*EXERCISE BRIEF*
Print exactly the line that contains "No entry warning", then every following line through the end of the material; include nothing else and no pictures.

*STORED DATA*
■ ■ ■ ■ ■
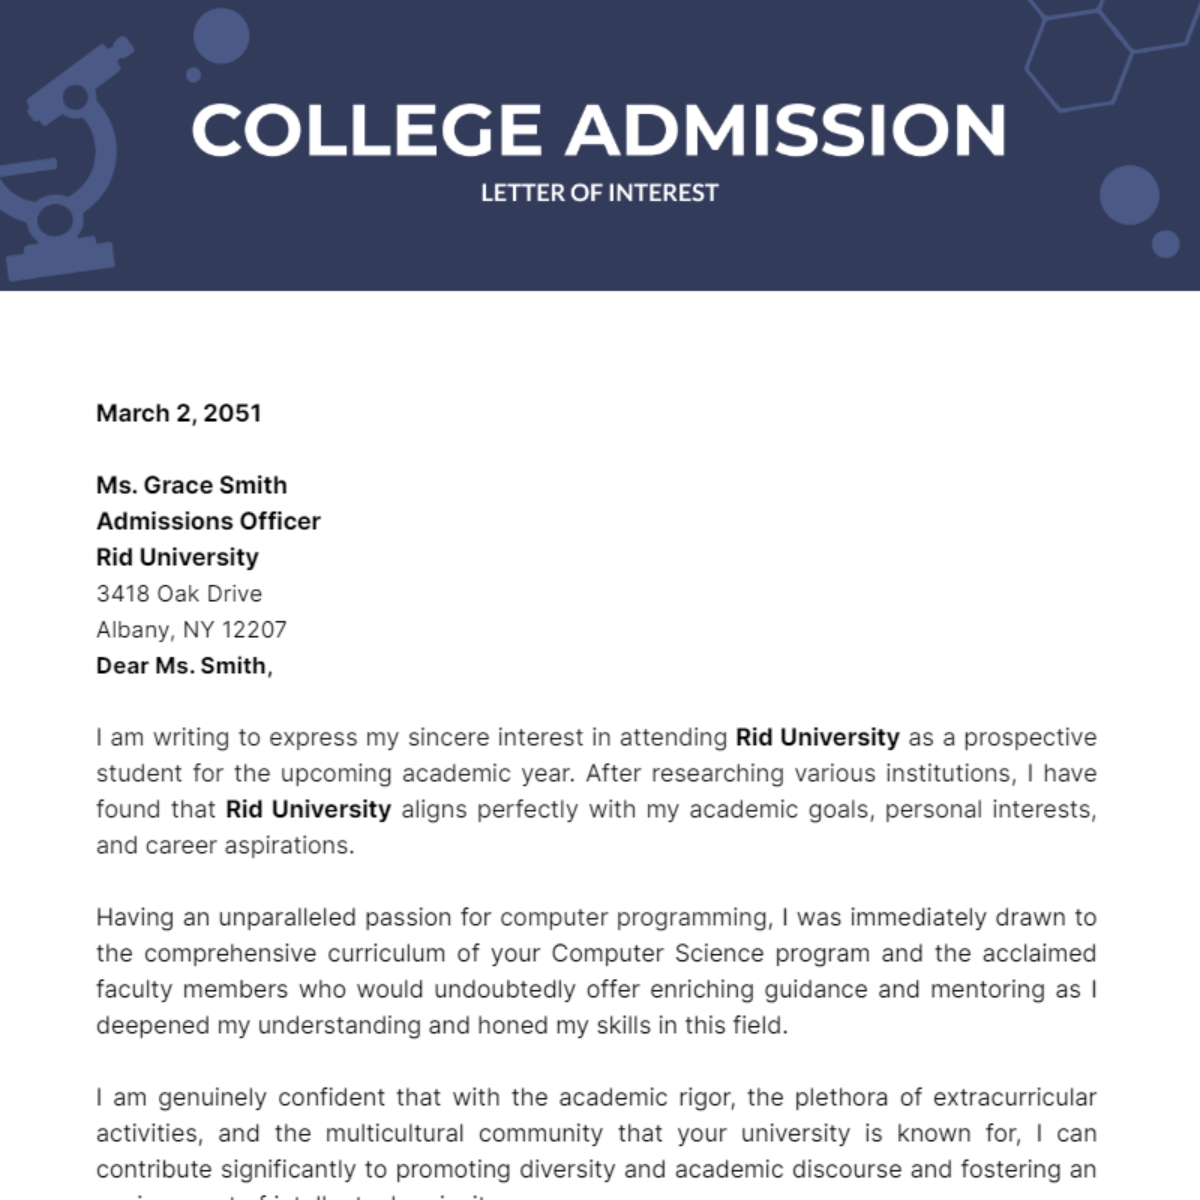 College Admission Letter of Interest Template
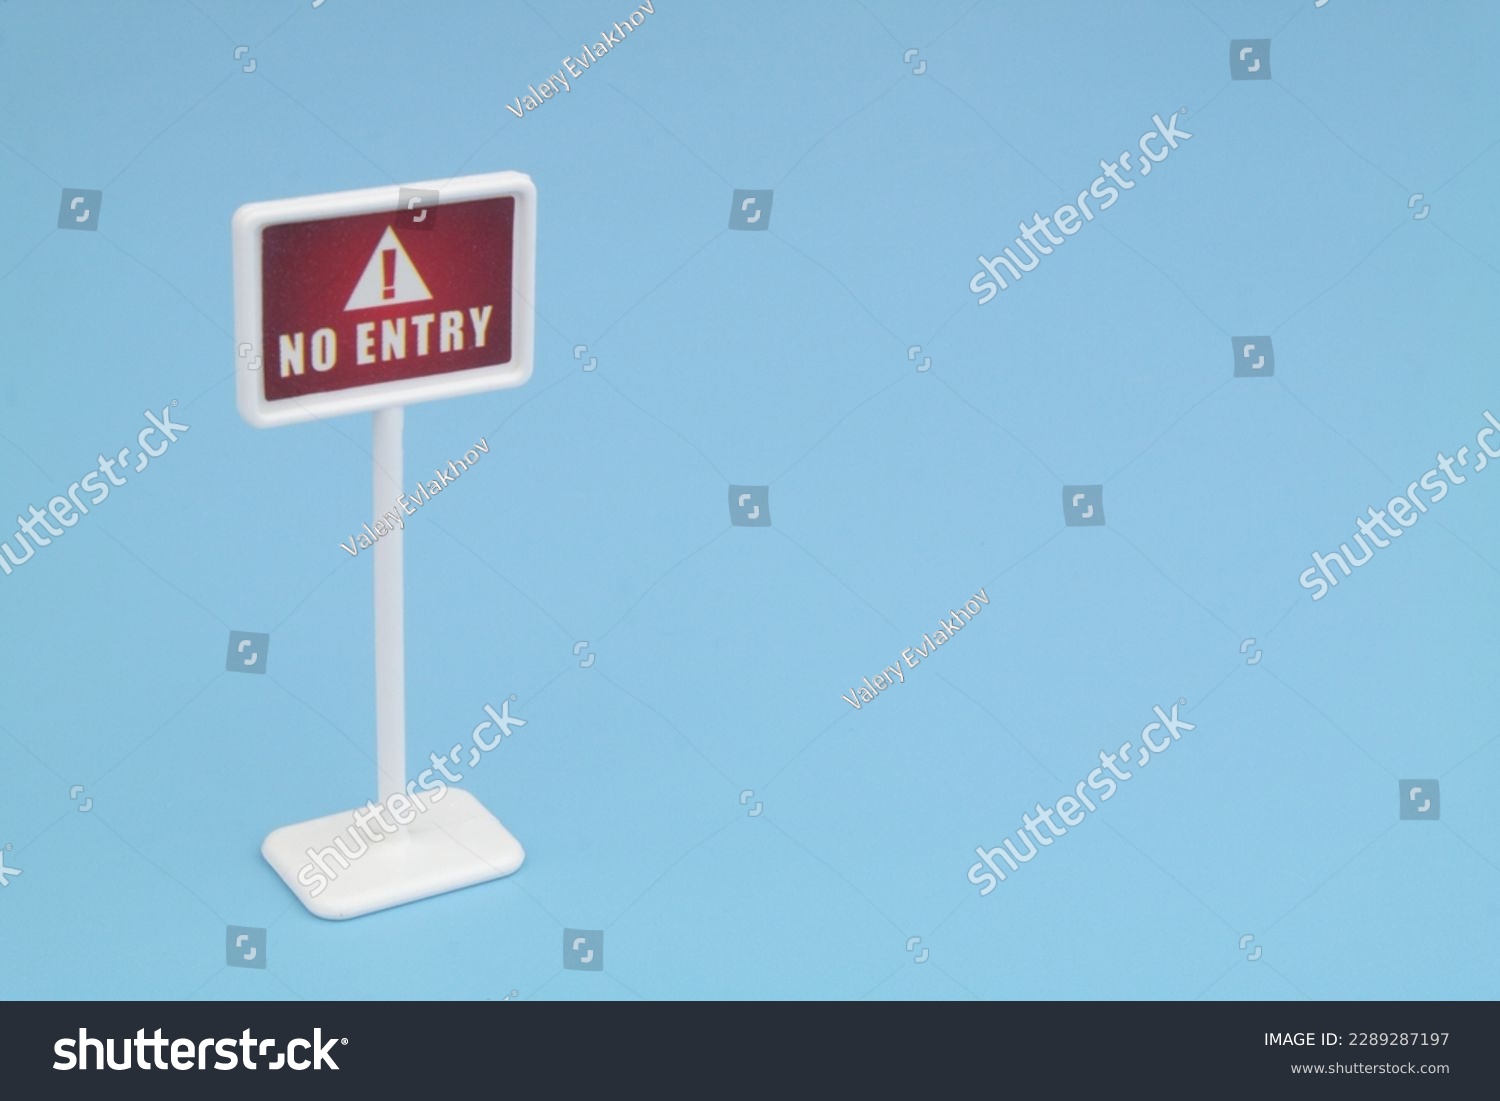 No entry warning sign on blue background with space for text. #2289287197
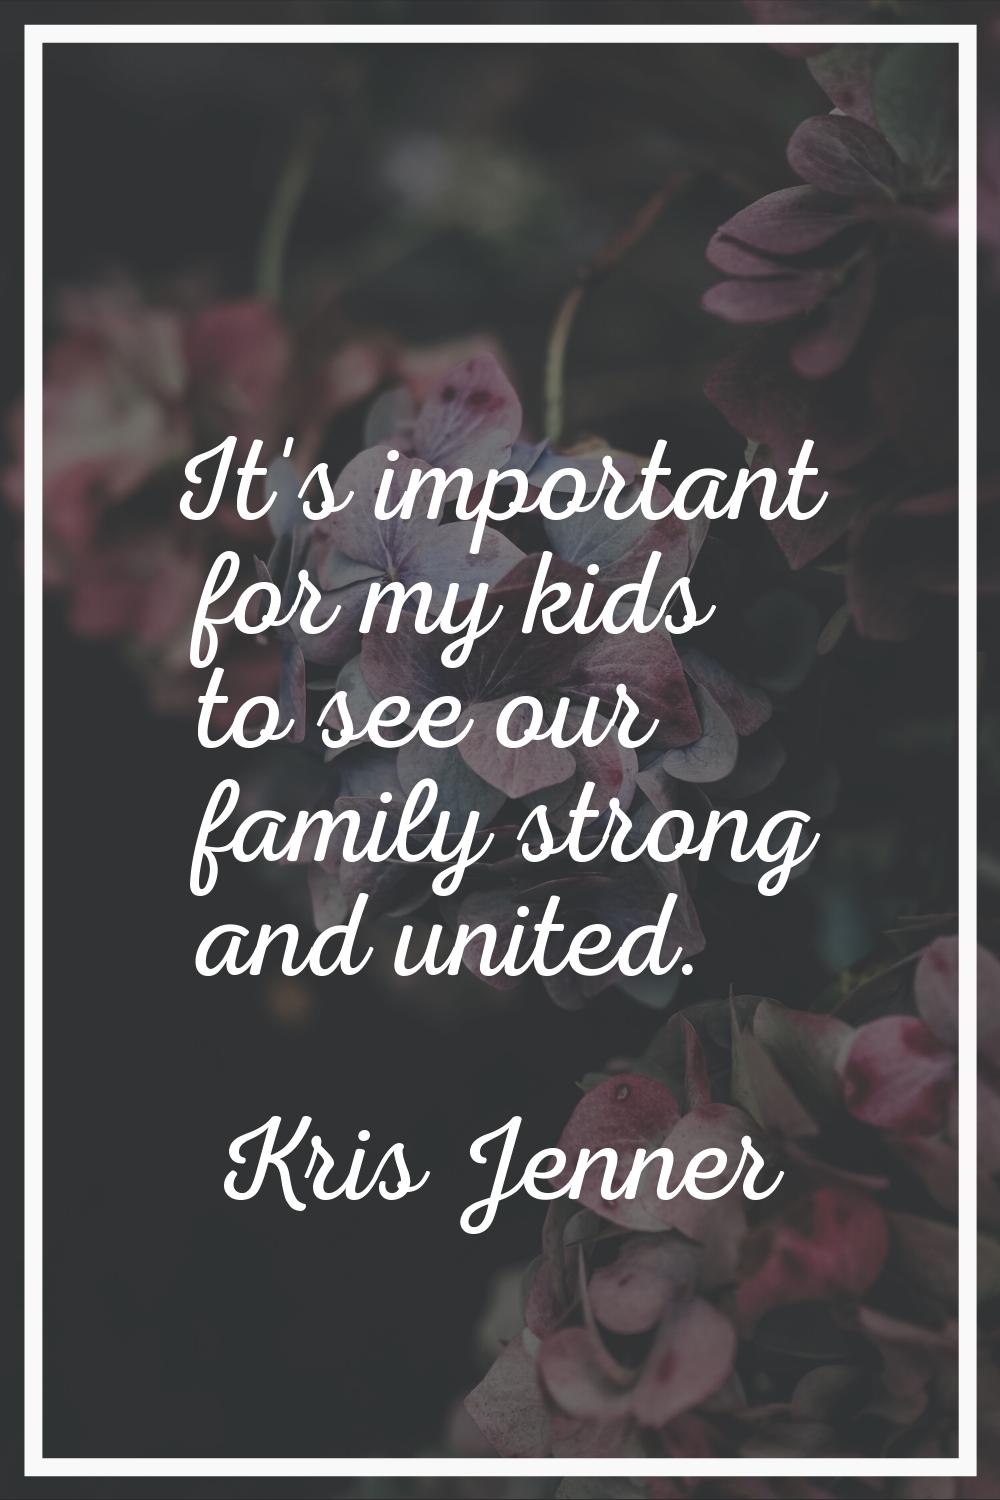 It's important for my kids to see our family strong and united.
■ ■ ■ ■ ■
*REPLY*
 No entry warning sign on blue background with space for text. #2289287197
 It's important for my kids to see our family strong and united.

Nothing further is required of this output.